I am 43 years old, periomenopausal AND pregnant, which I didn’t even realize was possible. If you’ve followed my blog or you know me personally, you know that I made the very firm decision in my early 20’s not to have children. My husband also made that decision for himself long before we were married. When we met, we were in our 30’s and neither of us had or wanted children. We got married when I was 36 and he was 40. I was his second marriage, he was my first.

You can read more about my very personal decision not to have children in a previous blog entry, To Parent or not to Parent?. If you are just now reading my blog for the first time and curious about my autobiography, you can start at the beginning by reading my first entry, When a Ginger Snaps and follow my story chronologically from there. Reading those entries will help you understand why I am terrified, excited and determined to bring this baby into the world under far better circumstances than I experienced. Regardless of what my plans were, this is my new priority. Along with that, I have to continue to make myself and my health priority #1 which is what landed me here in the first place. I got my health back on track and that led me to pregnancy.
In October 2018, my husband and I had some hard conversations, made some big decisions and began to focus on the parts of our life that were the most dysfunctional. Newsflash: We are very imperfect people and we have struggled hard. The only thing that has saved us is patience, unconditional love, my willingness to call out bullshit and his ability to handle my very harsh communication style and process it in a productive way by trying to hear me.
I am the most loving, loyal and caring person. I will do anything for someone I love and I will take care of them without hesitation but I have deep rooted pain and was raised in an unhealthy home where the silent treatment ruled, following an anger fill outburst full of words that my dad could never take back. Consequently, I keep things bottled up until I rage. I am the epitome of the raging redhead. The “Irish temper” is not a myth. Once I’m angry, I can’t keep my mouth shut and if you hurt me, you pray for my silence because I will destroy you with my words until you understand my pain. It’s my darkest side, my hardest truth and a personality trait I have worked very hard to control. I don’t make excuses for myself but I recognize that I was treated this way and it’s the way I was taught to process my feelings. It really sucks and I’m not proud of myself sometimes.
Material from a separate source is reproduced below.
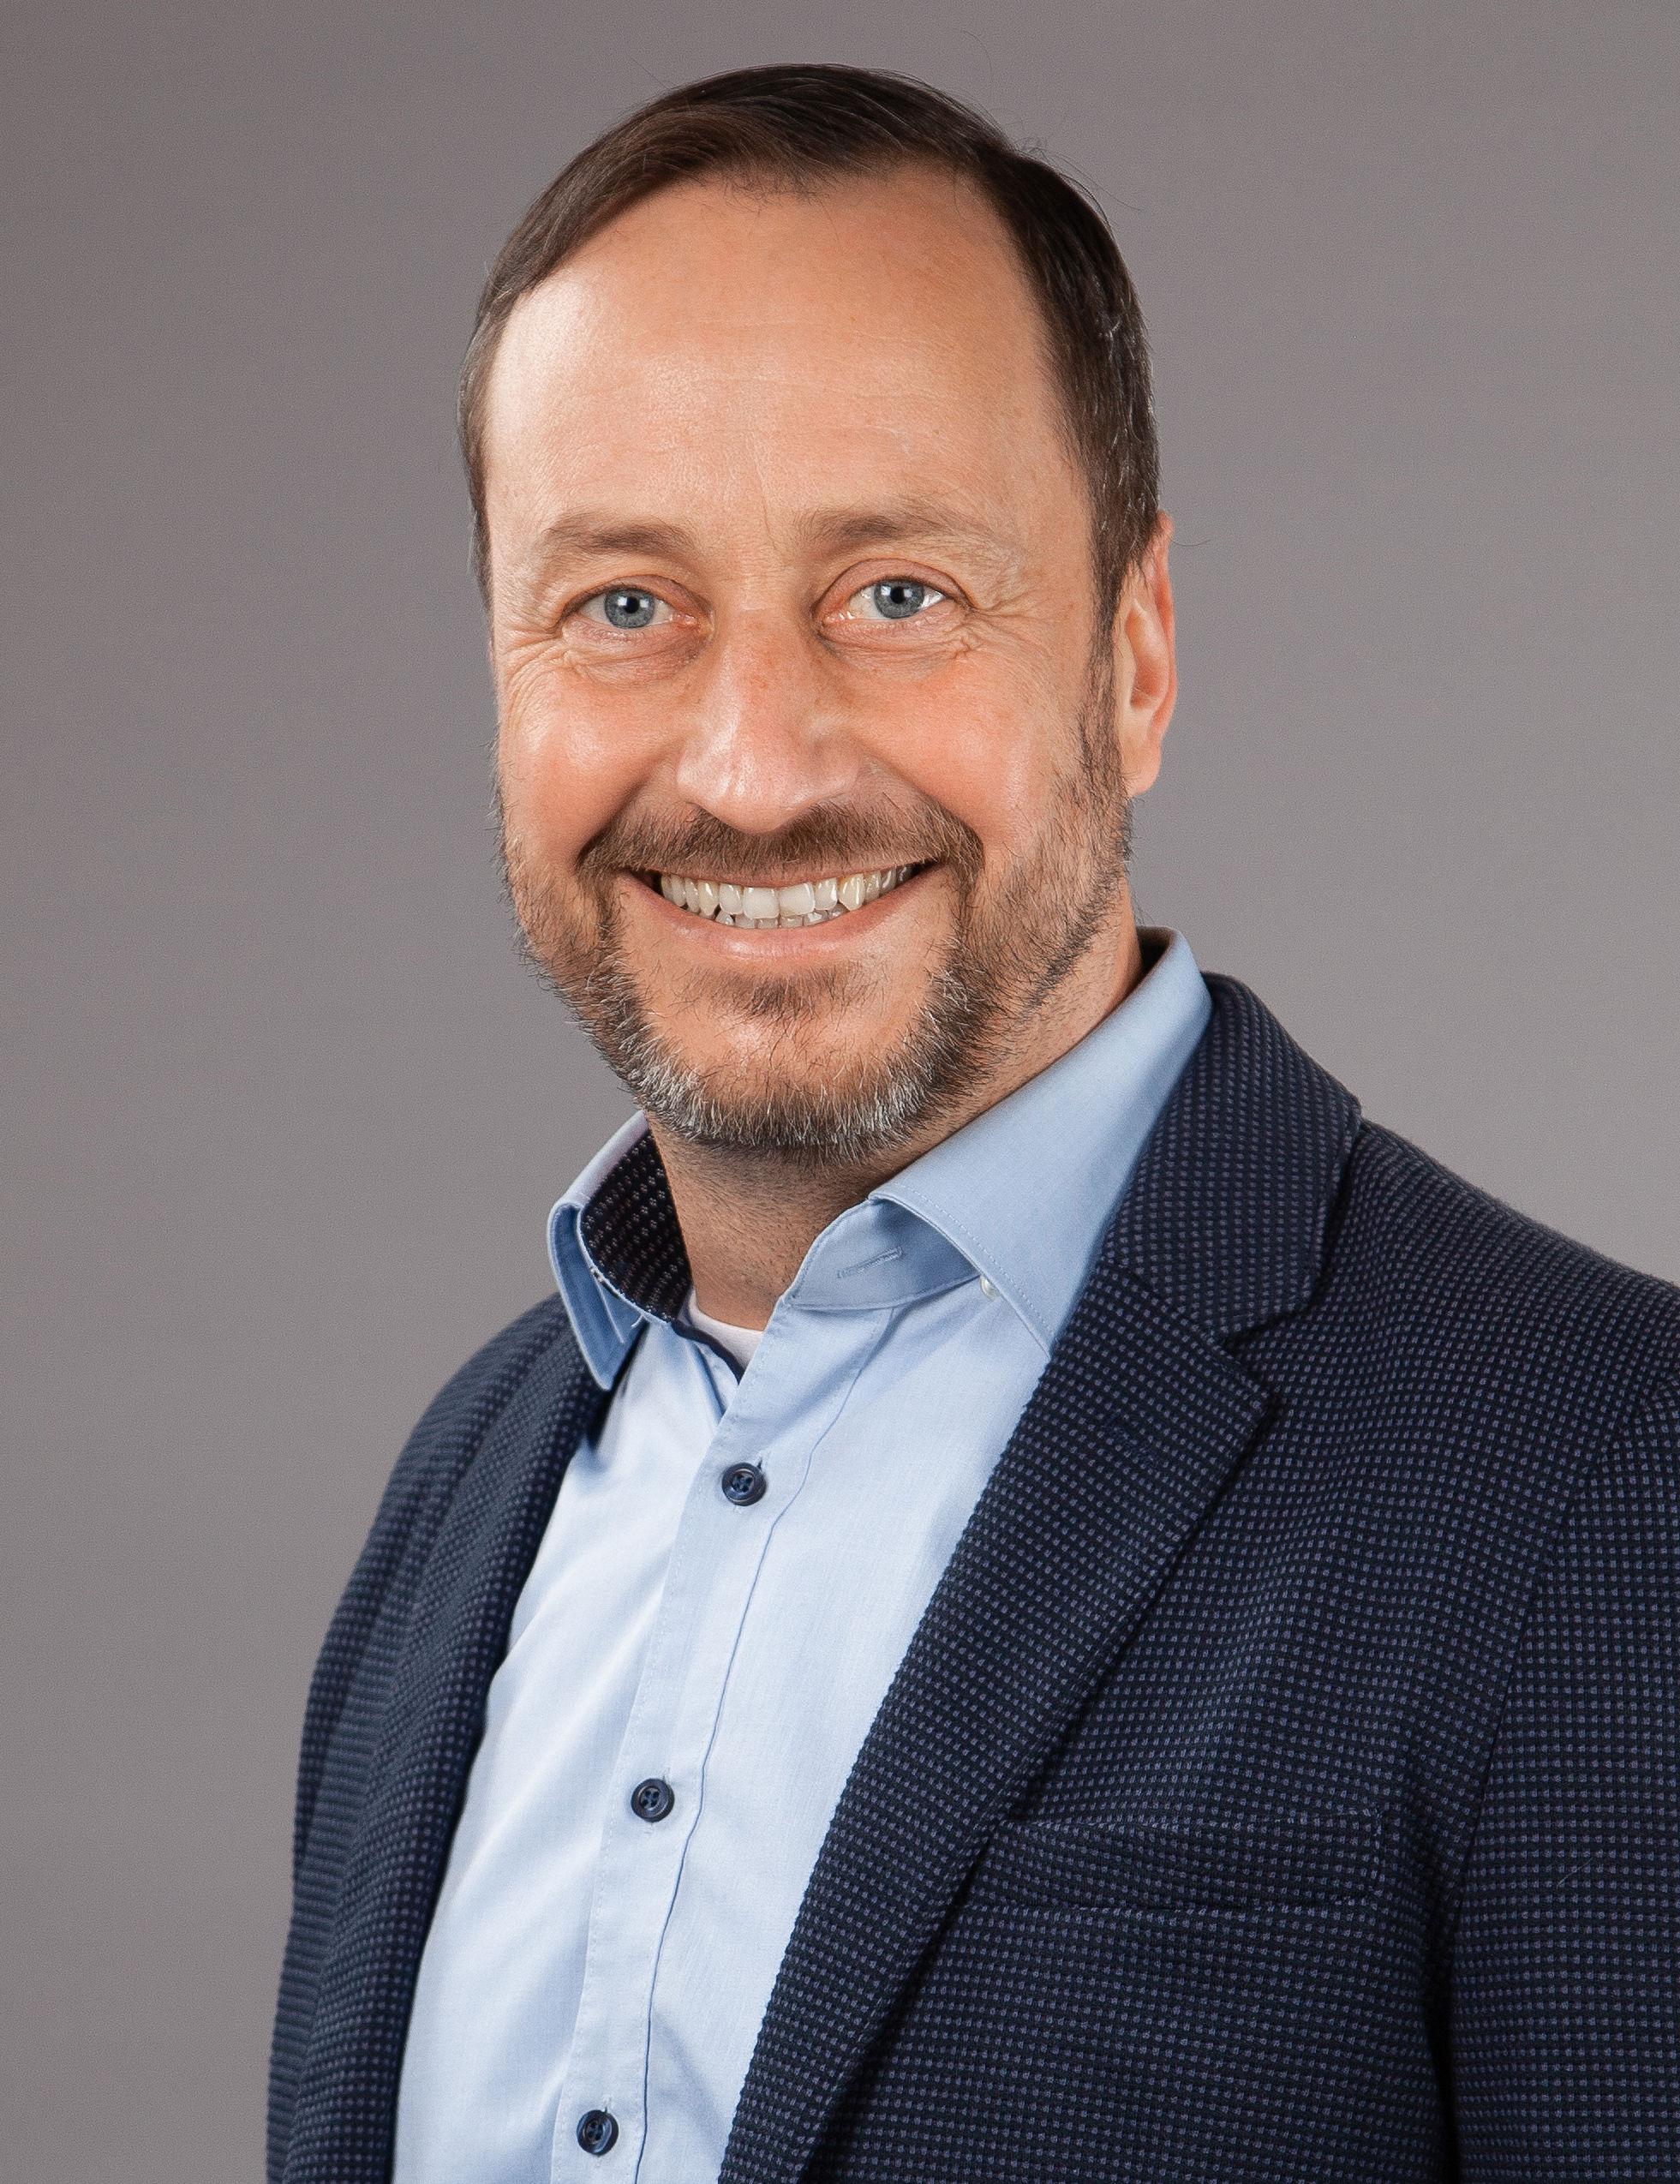 Stefan Kowitz

My dad is egotistical and old school and he told me my whole life that I was too young to have feelings or know pain. He disregarded anything that upset me and got angry if I disagreed with him. I was a child who was to be seen and not heard. I have a lot of negative perception about his generation, born in the 40s and 50s, especially those from the south where my family originated.
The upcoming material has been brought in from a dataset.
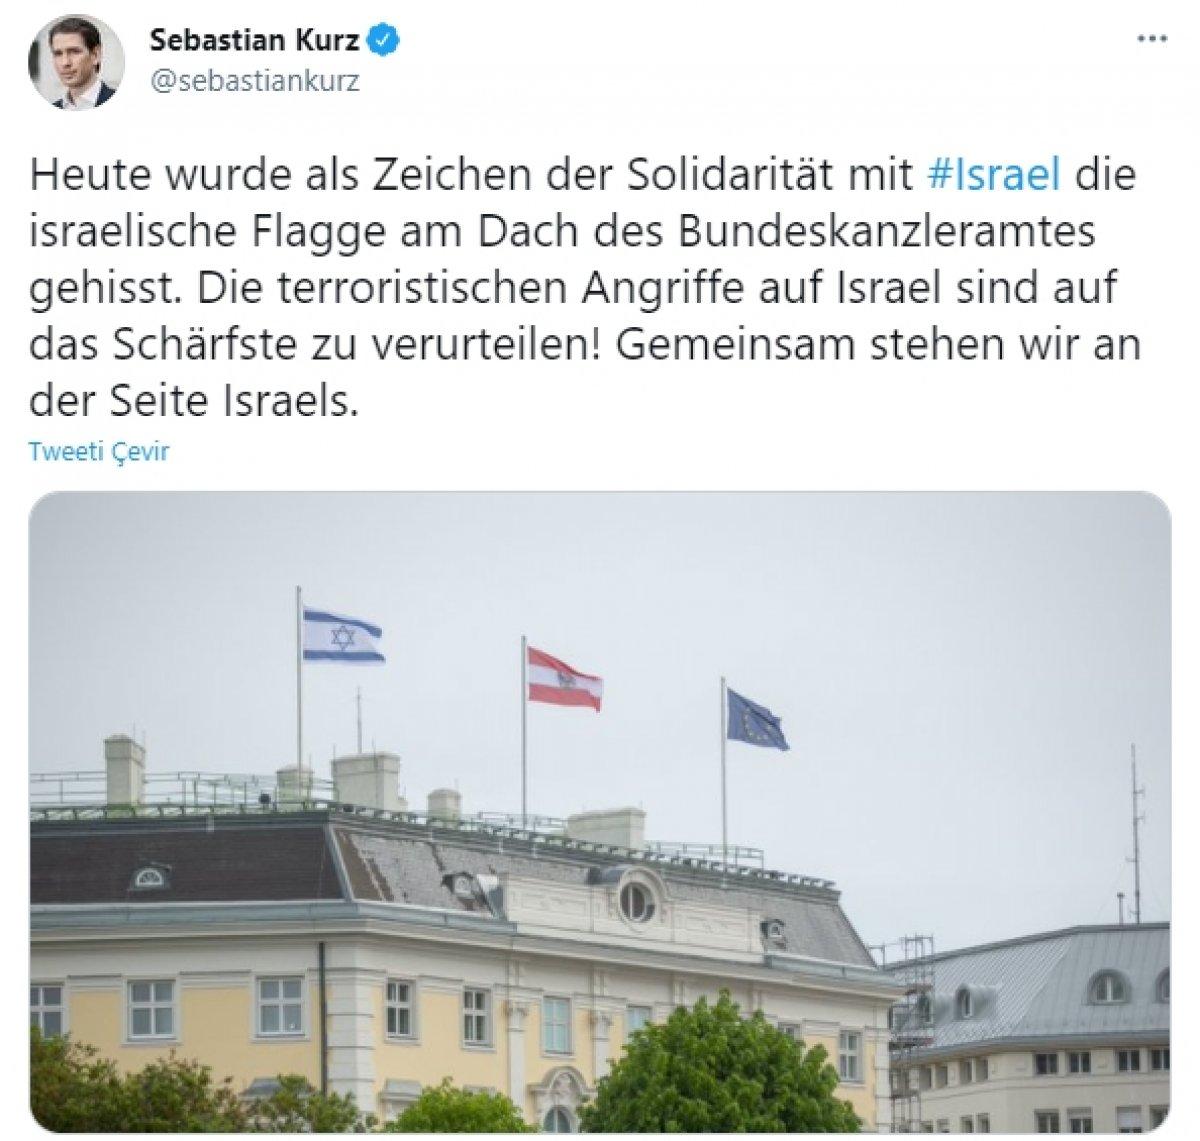 Avusturya'dan İsrail'e açıktan destek  #2

Why is ignorance bred and born there? If you look at the educational statistics, concentration of welfare recipients, and the financial burden these states place on the rest of our society, it’s clear to see the root of the problem. Knowledge is power and those parts breed ignorance. My family is proof. 85% of my family is rooted in Arkansas, Oklahoma and rural Texas. I was born in California and much of my family relocated there 50+ years ago but their ideals never changed. The same 85%, plus some native Californians in my generation, still perpetuate those toxic cycles, have received taxpayer funded welfare in some form. Their children were born on state funded health insurance, out of wedlock, fed with food stamps, housed with government assistance and they have raised their children in poverty or barely making it. They are the first to support conservatism, Donald Trump, hate immigrants, accuse “liberals” of being takers and my personal favorite, blame Mexicans for stealing their jobs. What they forget is that I’ve watched them stand with their hand out and play victim about their lack of opportunity while I worked 3 jobs to pay the bills. Most of them struggling with alcohol and drug addiction at some point, if not currently. I can’t tell you how many of their children are being raised by someone other than them or were surrendered to Foster Care.
Family or not, it’s an ugly cycle. I have checked a few teenagers in my family for judging others, hating immigrants who are “takers” and reminded them that the taxpayers in their state paid for their birth, food and home. Their parents don’t appreciate that but I refuse to allow ignorance and let these kids think they weren’t given all the opportunity in the world to rise above. Their parents weren’t suppressed. They made bad decisions. It’s not OK to be a person who receives help then blames others for your failures because you did meth in your 20’s instead of securing a good job and educating yourself. If you got pregnant your senior year and quit trying to make your life better because you had kids, your kids are going to be just like you, feeling like the world owes them something and blaming others for their “lack of opportunity.” It’s laughable. I have been on my own since I was 16 years old and I have never received a dime of assistance. I have always had to pay for private healthcare or go without because I didn’t get pregnant which automatically qualified me for help. That’s how the cycle starts. You can preach abstinence and morals but the reality is that your kids are capable of having sex without protection and out of wedlock…just like you. Why not prepare them for the real world and face the truth? Break the damn cycle!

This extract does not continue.